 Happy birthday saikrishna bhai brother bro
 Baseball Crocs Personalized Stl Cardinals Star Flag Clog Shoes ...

--

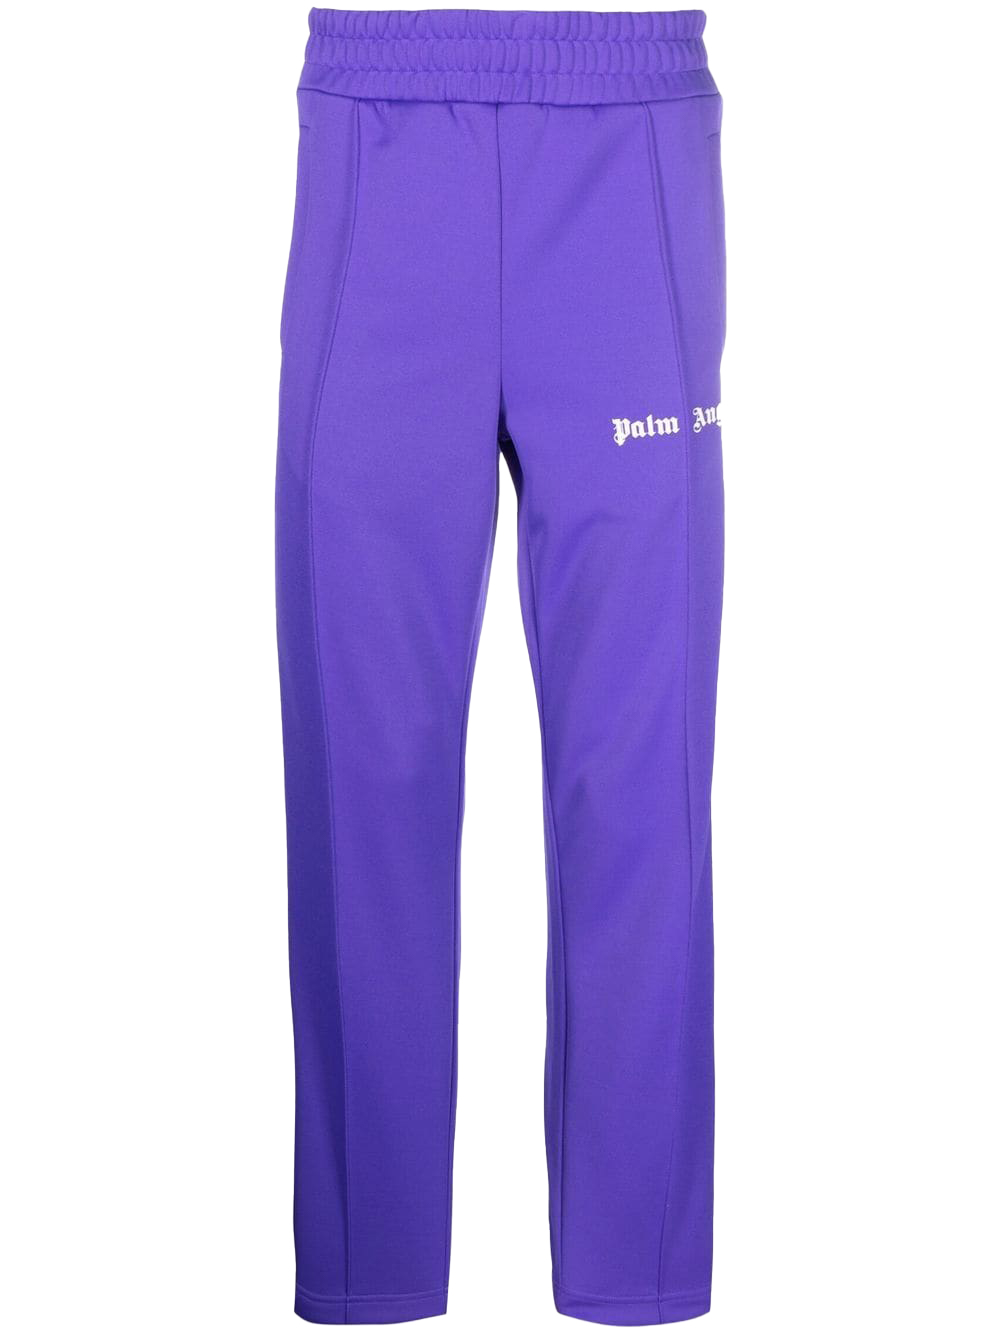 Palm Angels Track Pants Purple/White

* * *

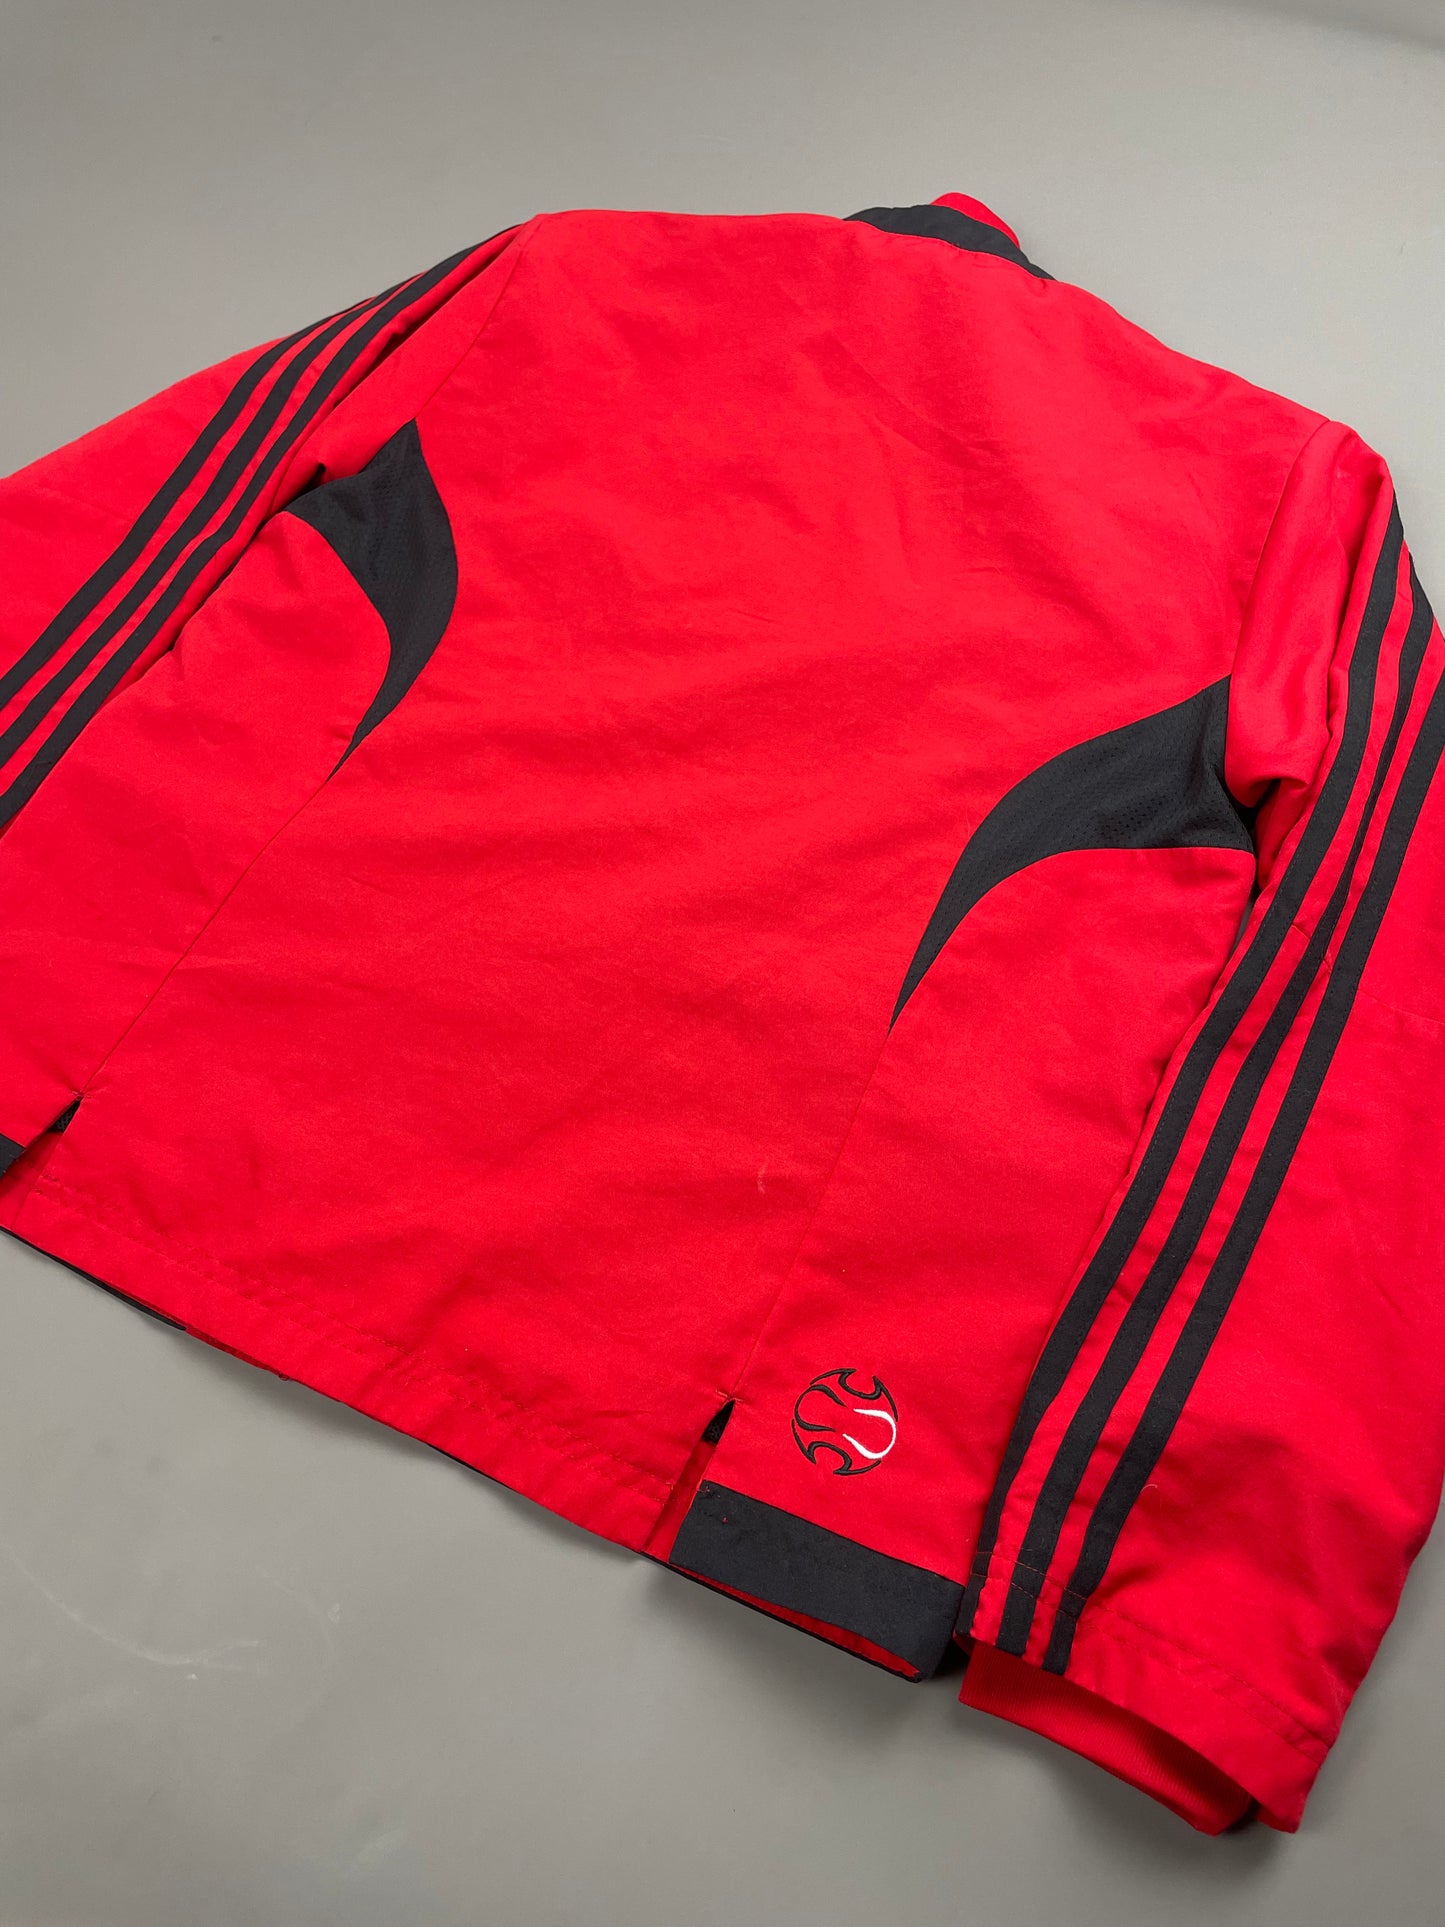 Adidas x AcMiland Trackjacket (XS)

> WHAT IS BEING ASKED: Using the data above, print exactly the lines from the line that contains "Happy birthday saikrishna bhai brother bro" through the line that contains "Baseball Crocs Personalized", with both included.

> RESPONSE AREA:
 Happy birthday saikrishna bhai brother bro
 Baseball Crocs Personalized Stl Cardinals Star Flag Clog Shoes ...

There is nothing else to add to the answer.